I recently found out that there is a special type of Docker container specifically designed for coding agents called sbx (sandboxes). In the next iteration of my orchestrator, I will probably switch to these.

Worktrees

Each of the automation loops needs its own branch to work in. There’s not much to say about this, except that I’m using Git worktrees to manage these. This is a small optimization that allows several working trees on disk to share the same object store (as mentioned above).

Everyone wants to show their dancing bear…

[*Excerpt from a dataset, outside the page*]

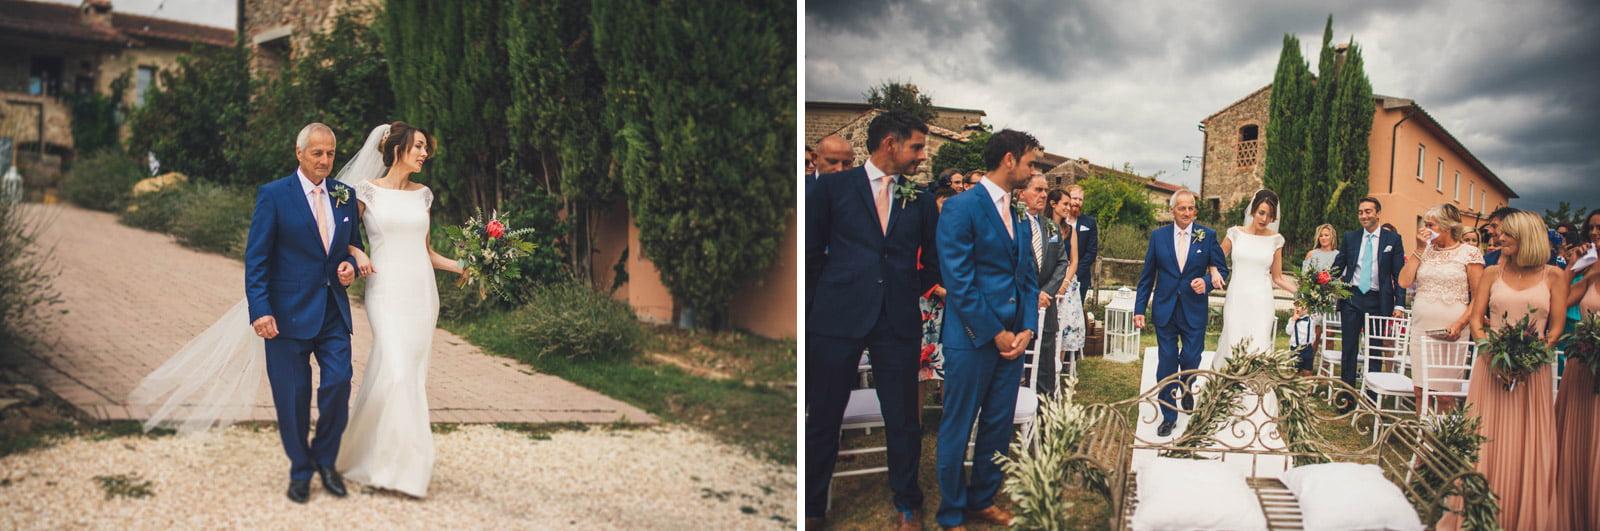 046-wedding-tuscany-san-galgano-federico-pannacci-photographer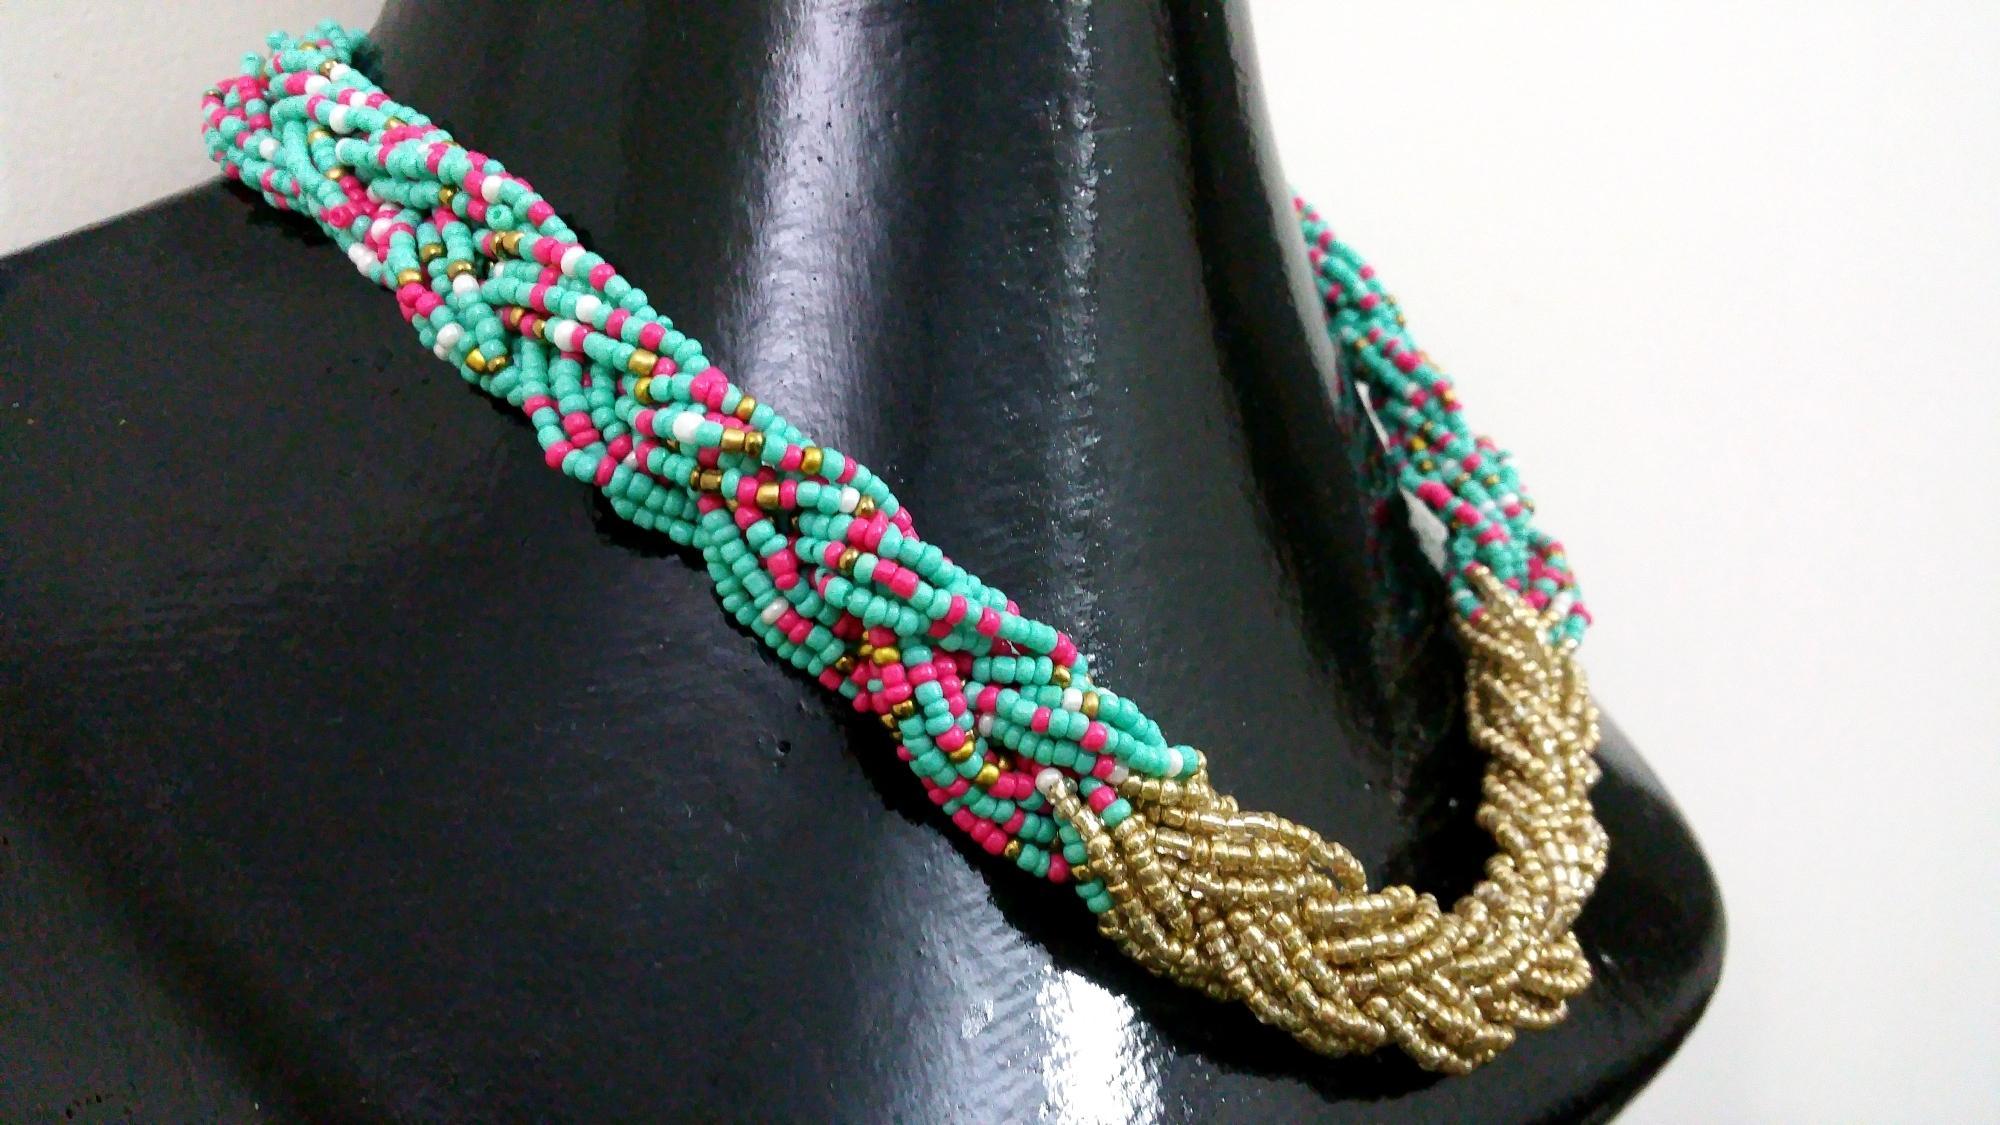 NéonKrallık Pastel Party Braided Bead Necklace (Multi Coloured)

My friend and colleague, Kleber Garcia, made an excellent analogy: agentic AI is like dancing bears – it’s not the dance that’s impressive. In that spirit, this post won’t focus on what my orchestrator actually produced, but how it works (i.e. the dancing, not the dance). I still feel like I’d be leaving something out if I didn’t show something. If you’ve been following along, this is what the project looked like at the end of my last post:

This is what it looks like after the 30 or so tasks were completed:

I won’t rattle off everything that was implemented. It is quite obvious from the screenshots.

Killing my darlings

If I continue with this, I might change my Shelby sync mechanism. It is cool that it works without a central service and with the database and the tool fully contained in the repository, but it’s all a bit too cute. I might change this to a more traditional database accessed via a service or daemon (or server, Automan works across multiple machines as well).

Trust the Machine?

These tools are very impressive and can be extremely useful, but I would never in a million years use them to create something mission-critical without closely inspecting the code they produce. These tools will happily cut corners like there’s no tomorrow if it helps them achieve their goals. You can try and rein them in by using words like “must”, “mandatory”, and “forbidden”, but at the end of the day, these don’t mean all that much to a model based on probability distributions.

That’s why I’m a bit skeptical about Steve Yegge’s Wasteland project (“a thousand Gas Towns”). If we create an Eisenhower matrix of important/unimportant and small/humongous projects, the only place where I would let Wasteland loose is on a humongous, unimportant project, and I’m not sure there are that many projects like that out there 🤔.